Media literacy advocates Tessa Jolls and Michele Johnsen note, 

In the past ten to twenty years, the information landscape has fundamentally changed due to an exponential increase in access to information consumption and production. [...] On one hand, empowered citizens can now learn, participate, share, and express themselves as never before. On the other, abuses such as unintended spread of misinformation, disinformation campaigns by malicious actors, and misuse of personal information have become rampant, and citizens must navigate a complex new media landscape without traditionally trusted resources. 6

These developments all have serious implications for people’s rights and their ability to make the informed decisions necessary to participate in a democracy. 
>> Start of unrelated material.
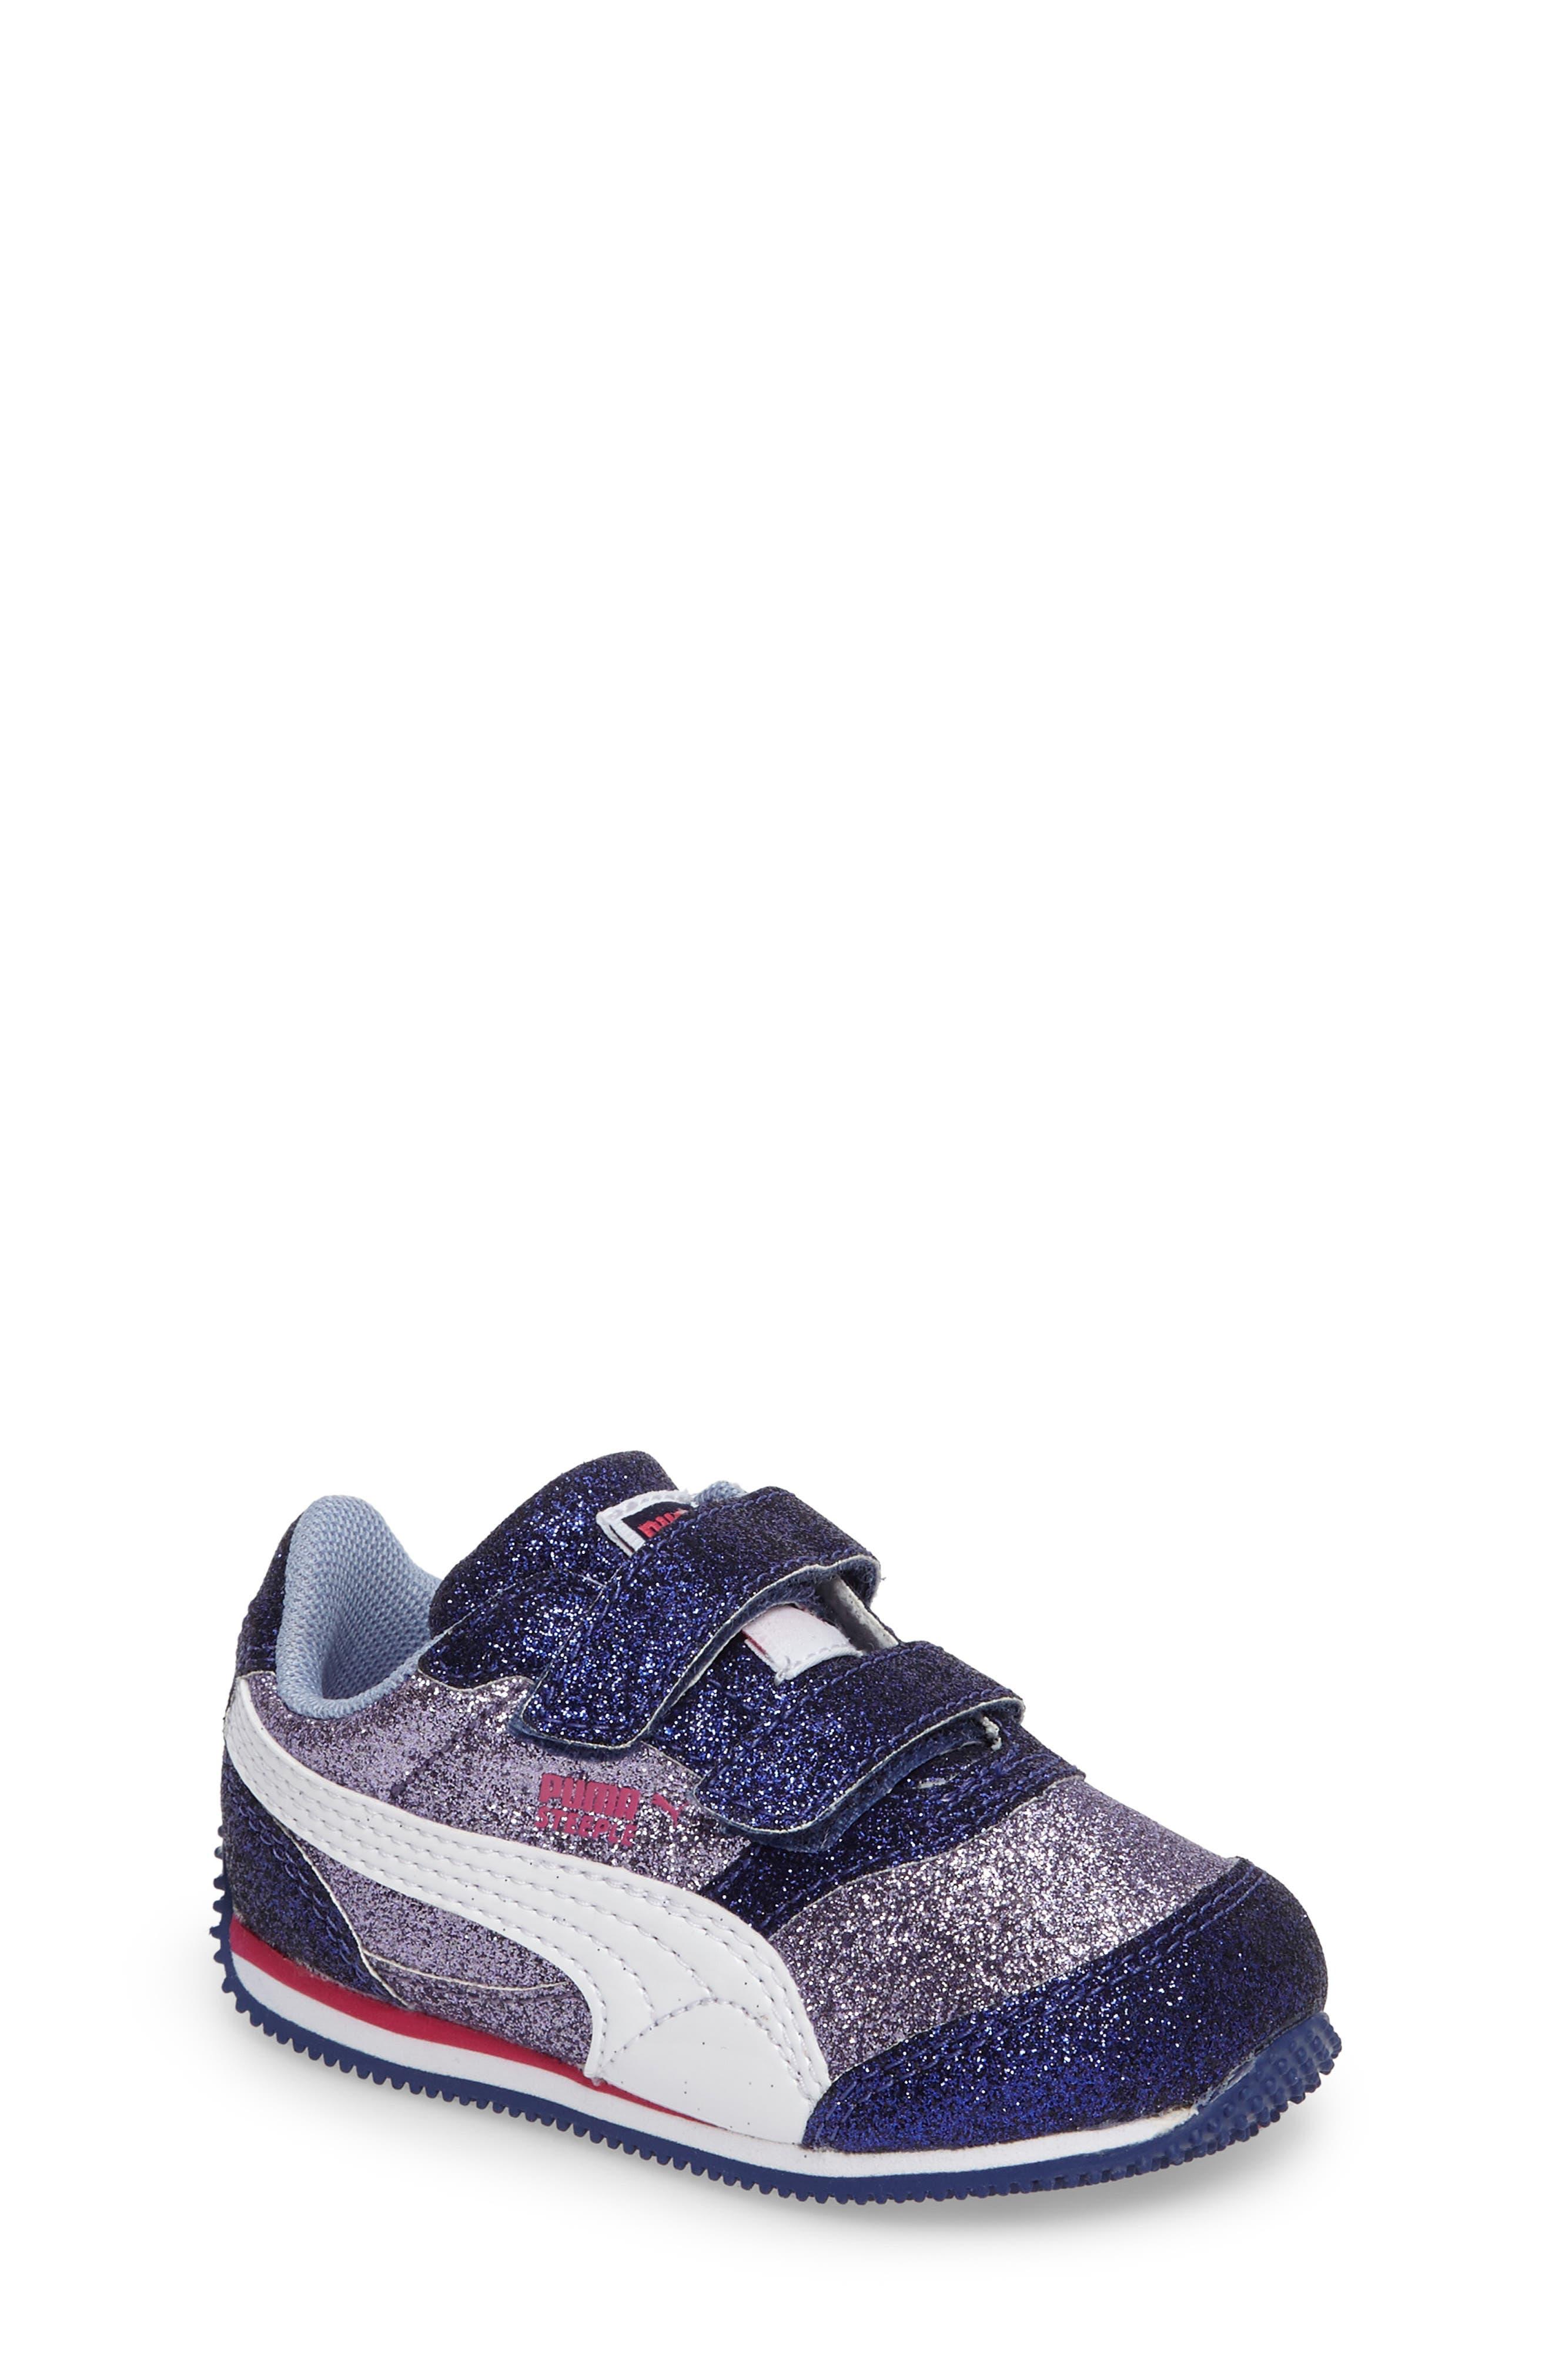 Steeple Glitz Glam Sneaker,                         Main,                         color, Lavender

To respond to this changing landscape, Jolls and Johnsen advocate for media literacy education. They argue that it ‘offers democratic societies a way to support independent thinking among their people and arms citizens to minimize their chances of being misinformed or manipulated, without sacrificing the ideal of freedom of expression, or risking censorship’. 7

The development of media literacy can help students feel empowered to assess information themselves, and trust in their capacity to discern what is true from what is not. This can enhance their decision-making skills and help them grow as effective problem-solvers, who can reflect on societal issues and how best to respond to them. 

Use this unit to help students develop their media literacy skills and to help them understand the role media literacy plays in supporting their well-being, developing healthy relationships and safeguarding democracy.

  • 1Online Nation, Ofcom, 1 June 2022.
  • 2S. Heimand A. Keil, ‘Too Much Information, Too Little Time: How the Brain Separates Important from Unimportant Things in Our Fast-Paced Media World’, Frontiers for Young Minds 5:23 (2017). doi: 10.3389/frym.2017.00023
  • 3Ibid.
  • 4R. Bohn and J. Short, ‘Measuring consumer information’, International Journal of Communication 6 (2012), 980–1000.
  • 5Tessa Jolls and Michele Johnsen, ‘Media Literacy: A Foundational Skill for Democracy in the 21st Century’, Hastings Law Journal 69:5 (2018), p. 1383. Available at: https://repository.uchastings.edu/hastings_law_journal/vol69/iss5/4 (accessed 16 January 2024).
  • 6Ibid., p. 1379.
  • 7Ibid., p. 1403

Preparing to Teach

A Note to Teachers

Before teaching this unit, please review the following information to help guide your preparation process.

We recommend that, if possible, you teach all of the lessons in the designated order. However, we understand that teachers often have time constraints. For the double lessons in the unit, we have recommended which lesson to prioritise teaching. Regardless of how many lessons you are able to teach, please read the unit in its entirety and review all of the content, so that you understand the context and are making informed decisions on which lessons to use.